The use of compliant tensegrity structures in vibration driven locomotion systems seems to be advantageous mainly for the following reasons:

  • due to the pronounced mechanical compliance of the structures, complex modes of vibrations can be induced with a small number of actuators. This property is also characteristic for simple structures, consisting of only a small number of segments

  • the dynamic properties of the system are tunable by actively adjusting the initial prestress of the structure, which can be realized by simultaneously changing the length or compliance of selected segments.

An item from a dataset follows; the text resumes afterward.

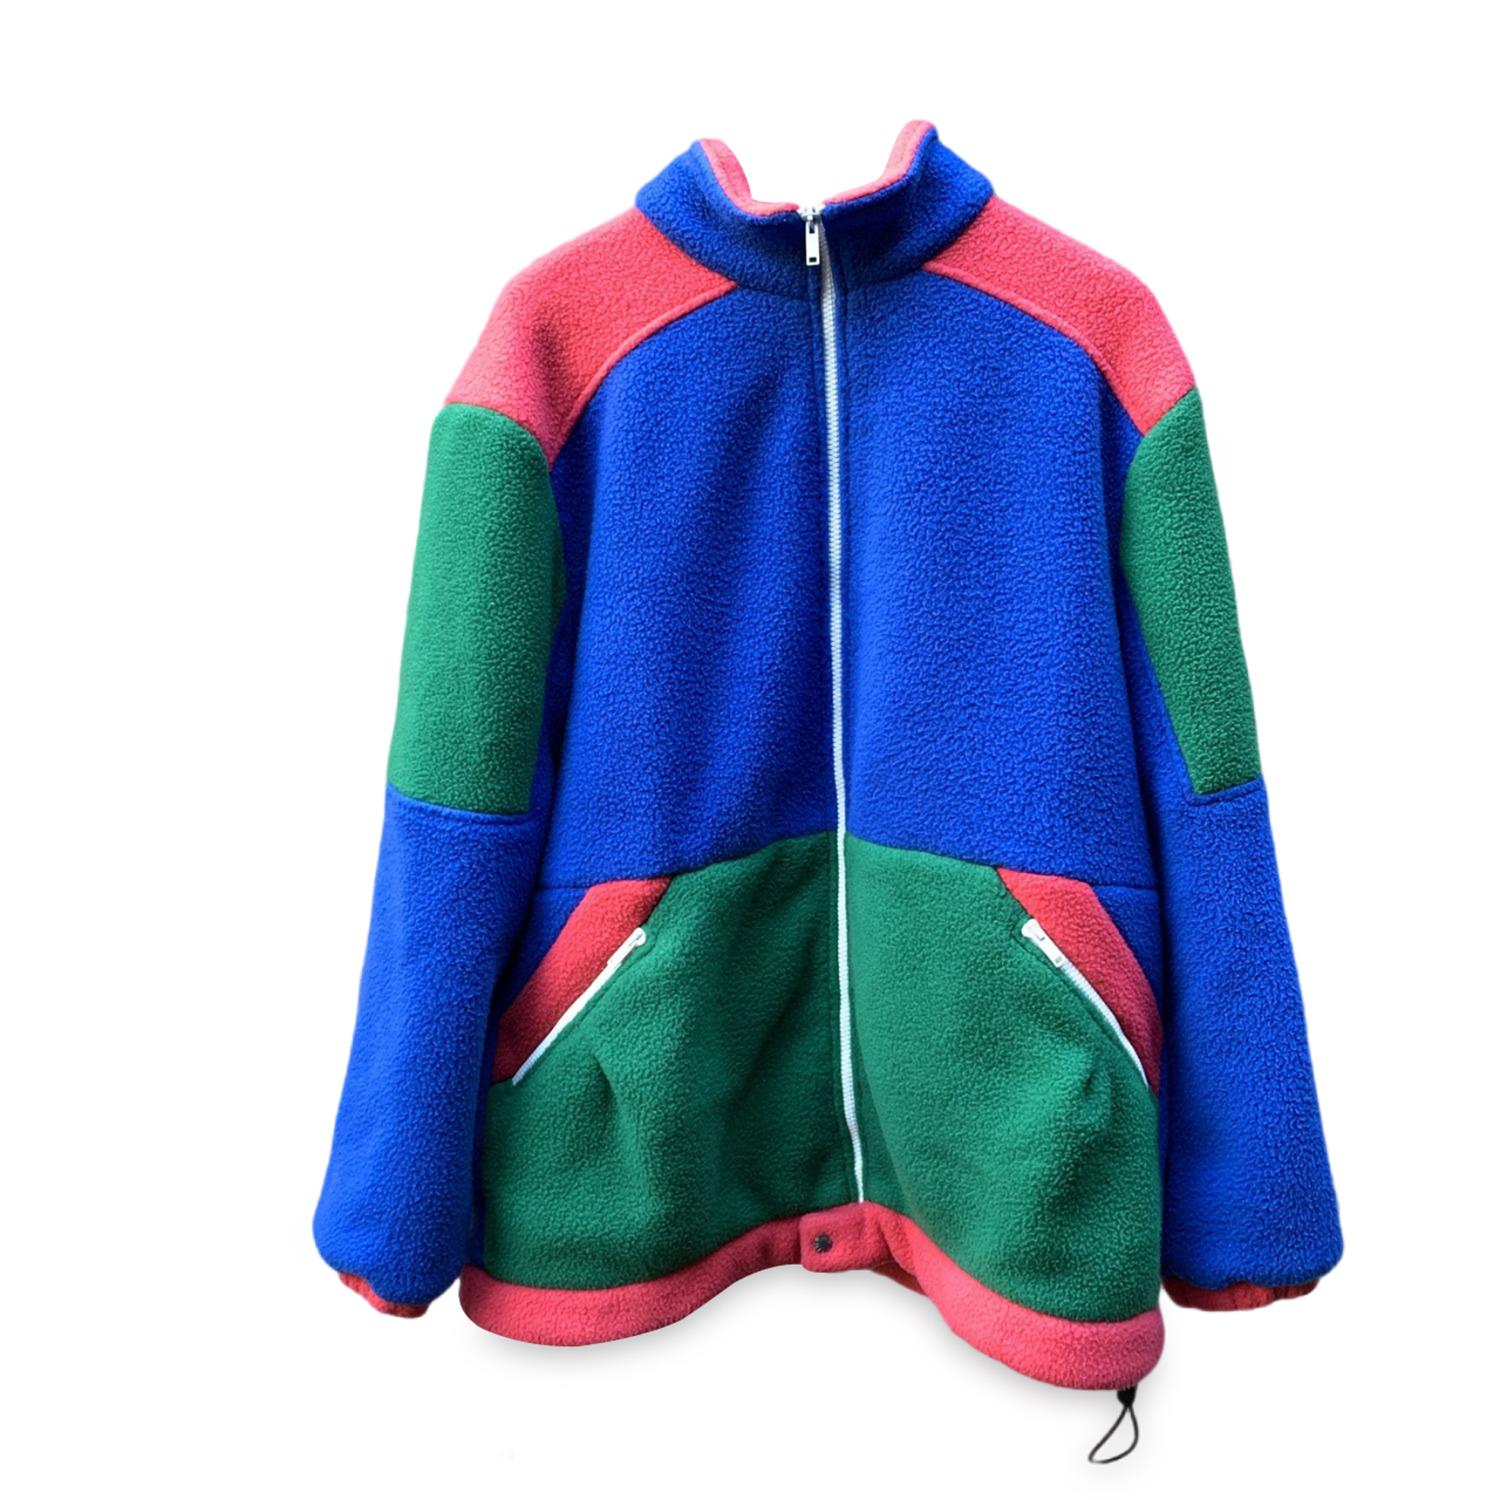 Oversized fleece jacket by Gucci x The North Face. It features a colorblock design in green, blue and pink color, fornt zip closure and 2 side zip pockets. Drawstring on the hem. Nylon lining. Multicolored logo embroidery on the back. Size: XL (The

Based on these properties, simple locomotion systems with variable movement performance can be realized. The movement speed and direction can be controlled and adapted to different environmental conditions with the frequency and magnitude of actuation and if the initial prestress of the structure is tunable also with the magnitude of prestress. In the simplest case the initial prestress is not varied during locomotion and the system is driven by only one actuator. To realize variable movement performance in this case, the frequency and/or the magnitude of actuation must be reversibly variable. By using only a single actuator, the system design and also their control could be kept simple. However, detailed theoretical investigations on the system dynamics are necessary, to determine the system parameters, which enable locomotion in different directions in dependence of the actuation frequency or magnitude. In this paper we focus on the dynamics of a single-actuated locomotion system based on a simple planar compliant tensegrity structure. The actuation of the structure is realized by periodically changing the effective rest length of selected compliant tensioned segments. The paper begins by providing the mechanical model of the system in Sect. 2. In this section also the basic dynamic properties of the structure are considered, followed by numerical results for harmonic excitation of a fixed structure and for uniaxial and planar movement of a mobile robot based on the structure in Sect. 3. Finally, in Sect. 4 conclusions and further research directions are considered.

2 Mechanical model and equations of motion

We consider the simple planar tensegrity structure, as depicted in Fig. 1. The structure consists of six segments: two rigid struts (index: \(\mathrm{j}=1,2,\) length: \(2\hbox {d}_{\mathrm{j}})\), which are indirectly connected by four linear elastic spring elements (with index: f = 1, 2, 3, 4, spring constant \(\hbox {k}_{\mathrm{f}}\), rest length \(\hbox {L}_{0\mathrm{f}})\). The spring elements are tensioned in the initial equilibrium configuration. The mass of the springs and the inertial properties of the struts are neglected. Masses are considered as discrete mass points, placed on the end points of the struts (mji, with strut endpoint index: \(\mathrm{i}=1,2\)). Contacts between the struts or between struts and spring elements are not considered.

Fig. 1
figure 1

The considered planar tensegrity structure: physical model (a), mechanical model in the symmetric configuration (b) and in the general case (c)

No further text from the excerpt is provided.